_THE TASK:_ Give back exactly the lines of the data below, starting with the line that has "Nichijou Mio Naganohara" and going on through the line that has "Gesetzblatt (GBl.) der".

Segment Start: RECORDS FOR THIS EXERCISE

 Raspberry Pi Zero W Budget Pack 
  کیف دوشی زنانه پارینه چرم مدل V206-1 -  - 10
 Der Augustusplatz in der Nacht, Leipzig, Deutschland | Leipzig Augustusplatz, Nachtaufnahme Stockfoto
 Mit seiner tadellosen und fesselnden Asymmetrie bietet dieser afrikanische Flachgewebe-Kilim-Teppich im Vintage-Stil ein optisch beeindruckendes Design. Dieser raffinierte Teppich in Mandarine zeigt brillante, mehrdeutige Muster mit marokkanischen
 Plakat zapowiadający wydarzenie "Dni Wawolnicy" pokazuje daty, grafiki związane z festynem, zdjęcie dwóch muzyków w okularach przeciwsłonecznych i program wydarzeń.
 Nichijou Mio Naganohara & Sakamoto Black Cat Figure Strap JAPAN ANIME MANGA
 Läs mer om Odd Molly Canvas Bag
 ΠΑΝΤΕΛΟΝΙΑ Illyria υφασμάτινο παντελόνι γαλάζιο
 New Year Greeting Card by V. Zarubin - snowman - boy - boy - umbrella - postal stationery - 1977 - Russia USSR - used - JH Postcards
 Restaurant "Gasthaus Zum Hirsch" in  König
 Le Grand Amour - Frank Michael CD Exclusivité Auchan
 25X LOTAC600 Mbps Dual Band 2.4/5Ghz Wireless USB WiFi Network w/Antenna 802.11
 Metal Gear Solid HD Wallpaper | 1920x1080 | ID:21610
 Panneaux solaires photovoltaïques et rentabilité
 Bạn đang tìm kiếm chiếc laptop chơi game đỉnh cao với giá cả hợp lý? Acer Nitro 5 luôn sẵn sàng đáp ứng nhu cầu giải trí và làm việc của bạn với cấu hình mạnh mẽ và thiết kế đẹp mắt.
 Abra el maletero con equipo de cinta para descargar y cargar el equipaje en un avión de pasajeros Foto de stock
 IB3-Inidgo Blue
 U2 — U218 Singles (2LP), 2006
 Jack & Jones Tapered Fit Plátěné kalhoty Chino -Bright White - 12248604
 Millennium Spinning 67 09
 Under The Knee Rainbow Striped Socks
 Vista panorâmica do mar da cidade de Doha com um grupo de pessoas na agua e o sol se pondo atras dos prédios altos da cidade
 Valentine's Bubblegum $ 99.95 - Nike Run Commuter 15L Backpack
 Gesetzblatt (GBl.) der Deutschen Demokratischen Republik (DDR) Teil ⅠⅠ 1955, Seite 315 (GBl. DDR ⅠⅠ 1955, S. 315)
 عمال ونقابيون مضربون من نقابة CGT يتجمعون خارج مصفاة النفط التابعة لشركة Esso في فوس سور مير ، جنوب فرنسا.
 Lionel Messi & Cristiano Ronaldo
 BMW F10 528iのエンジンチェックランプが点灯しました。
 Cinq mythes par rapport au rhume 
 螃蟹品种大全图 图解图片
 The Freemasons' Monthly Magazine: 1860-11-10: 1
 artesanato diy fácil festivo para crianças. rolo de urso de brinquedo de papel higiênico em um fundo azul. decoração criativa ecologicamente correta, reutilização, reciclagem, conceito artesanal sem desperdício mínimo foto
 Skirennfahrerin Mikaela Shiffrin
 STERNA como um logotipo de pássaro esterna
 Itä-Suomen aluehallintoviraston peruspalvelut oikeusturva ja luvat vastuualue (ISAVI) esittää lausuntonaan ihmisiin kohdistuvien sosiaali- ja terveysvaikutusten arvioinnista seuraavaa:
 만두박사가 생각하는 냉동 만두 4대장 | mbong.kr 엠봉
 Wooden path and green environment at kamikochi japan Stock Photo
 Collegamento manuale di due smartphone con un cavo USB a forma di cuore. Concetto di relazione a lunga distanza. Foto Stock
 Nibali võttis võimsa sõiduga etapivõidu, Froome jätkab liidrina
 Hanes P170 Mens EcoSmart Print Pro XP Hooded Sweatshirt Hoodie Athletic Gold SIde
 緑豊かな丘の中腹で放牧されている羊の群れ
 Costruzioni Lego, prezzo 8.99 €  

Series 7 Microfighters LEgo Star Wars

Segment End: RECORDS FOR THIS EXERCISE

_PROBLEM SOLUTION:_
 Nichijou Mio Naganohara & Sakamoto Black Cat Figure Strap JAPAN ANIME MANGA
 Läs mer om Odd Molly Canvas Bag
 ΠΑΝΤΕΛΟΝΙΑ Illyria υφασμάτινο παντελόνι γαλάζιο
 New Year Greeting Card by V. Zarubin - snowman - boy - boy - umbrella - postal stationery - 1977 - Russia USSR - used - JH Postcards
 Restaurant "Gasthaus Zum Hirsch" in  König
 Le Grand Amour - Frank Michael CD Exclusivité Auchan
 25X LOTAC600 Mbps Dual Band 2.4/5Ghz Wireless USB WiFi Network w/Antenna 802.11
 Metal Gear Solid HD Wallpaper | 1920x1080 | ID:21610
 Panneaux solaires photovoltaïques et rentabilité
 Bạn đang tìm kiếm chiếc laptop chơi game đỉnh cao với giá cả hợp lý? Acer Nitro 5 luôn sẵn sàng đáp ứng nhu cầu giải trí và làm việc của bạn với cấu hình mạnh mẽ và thiết kế đẹp mắt.
 Abra el maletero con equipo de cinta para descargar y cargar el equipaje en un avión de pasajeros Foto de stock
 IB3-Inidgo Blue
 U2 — U218 Singles (2LP), 2006
 Jack & Jones Tapered Fit Plátěné kalhoty Chino -Bright White - 12248604
 Millennium Spinning 67 09
 Under The Knee Rainbow Striped Socks
 Vista panorâmica do mar da cidade de Doha com um grupo de pessoas na agua e o sol se pondo atras dos prédios altos da cidade
 Valentine's Bubblegum $ 99.95 - Nike Run Commuter 15L Backpack
 Gesetzblatt (GBl.) der Deutschen Demokratischen Republik (DDR) Teil ⅠⅠ 1955, Seite 315 (GBl. DDR ⅠⅠ 1955, S. 315)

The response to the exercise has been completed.